The problem: Report every line from the material that contains the word "Stockfoto".

Information supplied:
--------

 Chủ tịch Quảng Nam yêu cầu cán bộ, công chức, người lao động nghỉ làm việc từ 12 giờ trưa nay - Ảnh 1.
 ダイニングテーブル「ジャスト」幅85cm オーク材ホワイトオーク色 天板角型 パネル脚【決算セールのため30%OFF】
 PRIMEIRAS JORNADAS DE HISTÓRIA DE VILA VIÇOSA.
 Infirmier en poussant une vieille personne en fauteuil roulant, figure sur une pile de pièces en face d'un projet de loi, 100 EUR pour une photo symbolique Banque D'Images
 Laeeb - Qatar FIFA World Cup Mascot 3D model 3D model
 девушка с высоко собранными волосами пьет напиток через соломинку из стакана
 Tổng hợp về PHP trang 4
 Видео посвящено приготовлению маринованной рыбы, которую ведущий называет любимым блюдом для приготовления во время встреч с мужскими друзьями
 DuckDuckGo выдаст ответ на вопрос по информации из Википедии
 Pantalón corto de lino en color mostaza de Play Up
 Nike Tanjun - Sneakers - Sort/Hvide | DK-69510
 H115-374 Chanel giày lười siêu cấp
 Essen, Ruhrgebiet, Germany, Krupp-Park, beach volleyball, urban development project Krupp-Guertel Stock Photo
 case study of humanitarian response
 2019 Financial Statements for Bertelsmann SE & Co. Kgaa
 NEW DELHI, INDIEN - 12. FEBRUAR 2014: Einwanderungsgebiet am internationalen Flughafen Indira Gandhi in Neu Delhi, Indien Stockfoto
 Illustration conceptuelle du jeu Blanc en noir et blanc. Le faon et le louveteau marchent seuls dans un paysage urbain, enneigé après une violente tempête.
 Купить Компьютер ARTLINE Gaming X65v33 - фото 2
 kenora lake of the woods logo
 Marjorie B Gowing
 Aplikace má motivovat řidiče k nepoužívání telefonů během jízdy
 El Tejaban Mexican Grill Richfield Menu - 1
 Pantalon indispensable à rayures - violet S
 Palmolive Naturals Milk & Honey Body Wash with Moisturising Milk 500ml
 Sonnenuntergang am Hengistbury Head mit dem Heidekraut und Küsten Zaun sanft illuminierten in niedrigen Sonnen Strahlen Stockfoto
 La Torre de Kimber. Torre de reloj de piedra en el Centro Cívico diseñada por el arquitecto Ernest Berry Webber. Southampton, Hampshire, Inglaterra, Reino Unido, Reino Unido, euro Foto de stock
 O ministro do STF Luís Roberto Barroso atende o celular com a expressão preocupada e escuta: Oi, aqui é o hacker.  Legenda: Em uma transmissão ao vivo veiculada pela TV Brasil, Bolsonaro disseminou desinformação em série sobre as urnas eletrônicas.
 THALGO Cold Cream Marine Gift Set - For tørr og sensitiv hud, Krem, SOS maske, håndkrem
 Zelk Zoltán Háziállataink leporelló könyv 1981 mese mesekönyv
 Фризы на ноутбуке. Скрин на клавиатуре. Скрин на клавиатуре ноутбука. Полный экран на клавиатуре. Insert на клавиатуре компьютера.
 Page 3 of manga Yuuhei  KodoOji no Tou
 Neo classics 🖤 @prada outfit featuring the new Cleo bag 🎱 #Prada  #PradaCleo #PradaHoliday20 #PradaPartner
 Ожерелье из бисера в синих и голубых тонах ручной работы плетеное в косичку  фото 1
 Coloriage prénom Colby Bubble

--------

Worked solution:
 NEW DELHI, INDIEN - 12. FEBRUAR 2014: Einwanderungsgebiet am internationalen Flughafen Indira Gandhi in Neu Delhi, Indien Stockfoto
 Sonnenuntergang am Hengistbury Head mit dem Heidekraut und Küsten Zaun sanft illuminierten in niedrigen Sonnen Strahlen Stockfoto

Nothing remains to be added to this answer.